Following general procedure 1, reaction of indazole 1 (500 mg, 4.23 mmol) in THF (10 mL), Kt-BuO (665 mg, 5.93 mmol) and BrCH₂CO₂Et (0.56 mL, 5.08 mmol) for 2 h. gave compounds 2b (474 mg, 55%) and 3b (110 mg, 13%) as pale yellow oils.
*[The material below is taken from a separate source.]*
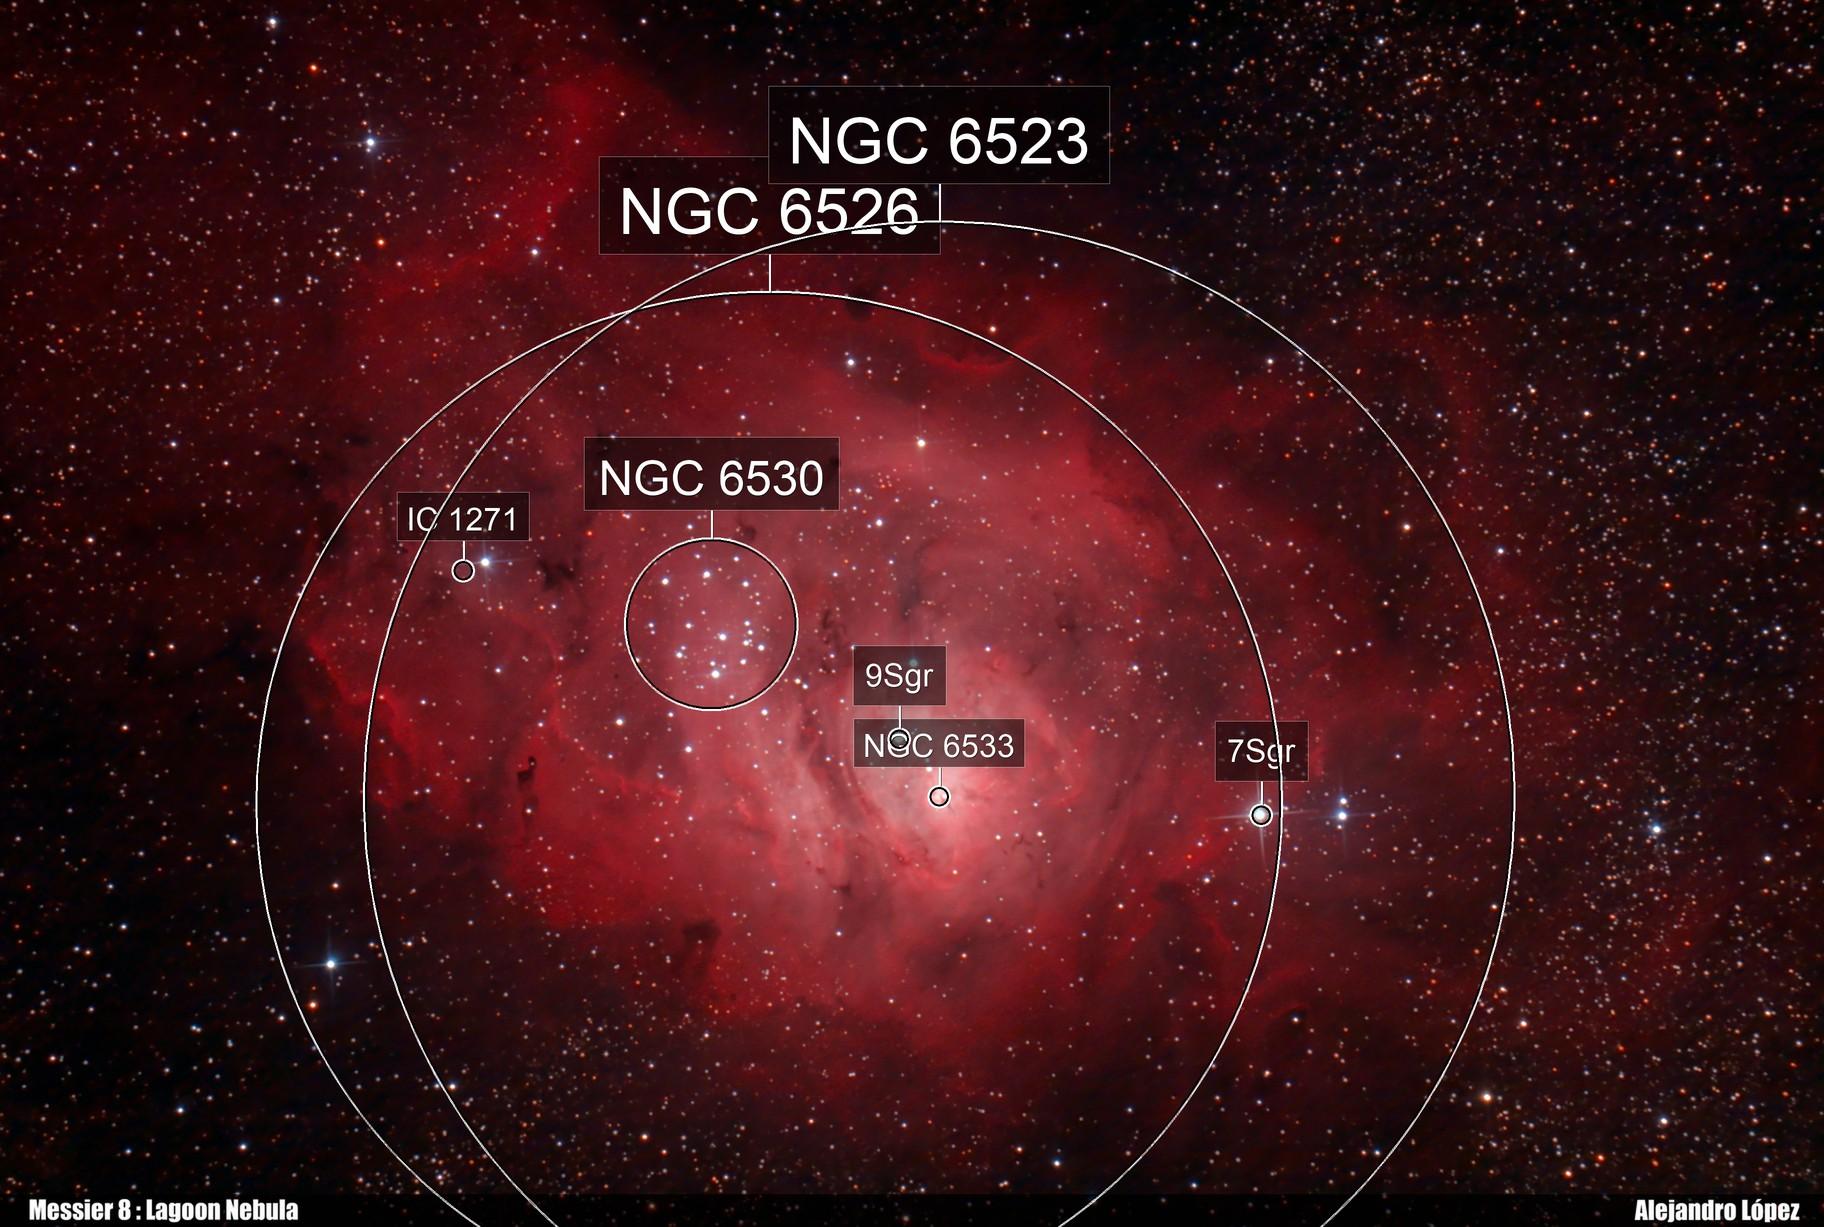 Messier 8. Lagoon Nebula

Compound 2b: IR (film): 3064 (C-H)Ar, 2983, 2940 (C-H), 1748 (C=O), 1619, 1504, 1470, 1435 (C=C, C=N), 1210 (C-O) cm^-1; ¹H-NMR (CDCl₃): δ 1.21 (t, J = 7.2, 3 H, OCH₂CH₃), 4.18 (q, J = 7.2, 2 H, OCH₂CH₃), 5.13 (s, 2 H, NCH₂CO₂Et), 7.15 (m, 1 H, 5-H), 7.33 (m, 2 H, 6-H and 7-H), 7.72 (dd, J = 8.1 and 0.6, 1 H, 4-H), 8.04 (d, J = 0.9, 1 H, 3-H); MS (EI): m/z (%) = 204 (27) [M]⁺, 131 (100) [M-CO₂Et]⁺, 118 (2) [IndzH]⁺; HRMS (EI): calcd. for [M]⁺ (C₁₁H₁₂N₂O₂): 204.0899, found 204.0893. Compound 3b: IR (film): 3121, 3065 (C-H)Ar, 2984, 2941 (C-H), 1746 (C=O), 1630, 1520, 1475, 1429 (C=C, C=N), 1212 (C-O) cm^-1; ¹H-NMR (CDCl₃): 1.28 (t, J = 7.2, 3 H, OCH₂CH₃), 4.25 (q, J = 7.2, 2 H, OCH₂CH₃), 5.19 (s, 2 H, NCH₂CO₂Et), 7.09 (t, J = 7.2, 1 H, 5-H), 7.29 (m, 1 H, 6-H), 7.66 (d, J = 8.4, 1 H, 4-H), 7.68 (dd, J = 8.7 and 0.6, 1 H, 7-H), 8.00 (s, 1 H, 3-H); MS (EI): m/z (%) = 204 (64) [M]⁺, 131 (100) [M-CO₂Et]⁺, 118 (11) [IndzH]⁺; HRMS (EI) calcd. for [M]⁺ (C₁₁H₁₂N₂O₂): 204.0899, found 204.0903. Following general procedure 2, indazole 1 (3.00 g, 25.4 mmol) in DMF (10 mL), K₂CO₃ (10.53 g, 76.18 mmol) and BrCH₂CO₂Et (4.2 mL, 38.1 mmol) gave compound 2b (3.49 g, 67%) and compound 3b (1.16 g, 22%) after reacting for 24 h.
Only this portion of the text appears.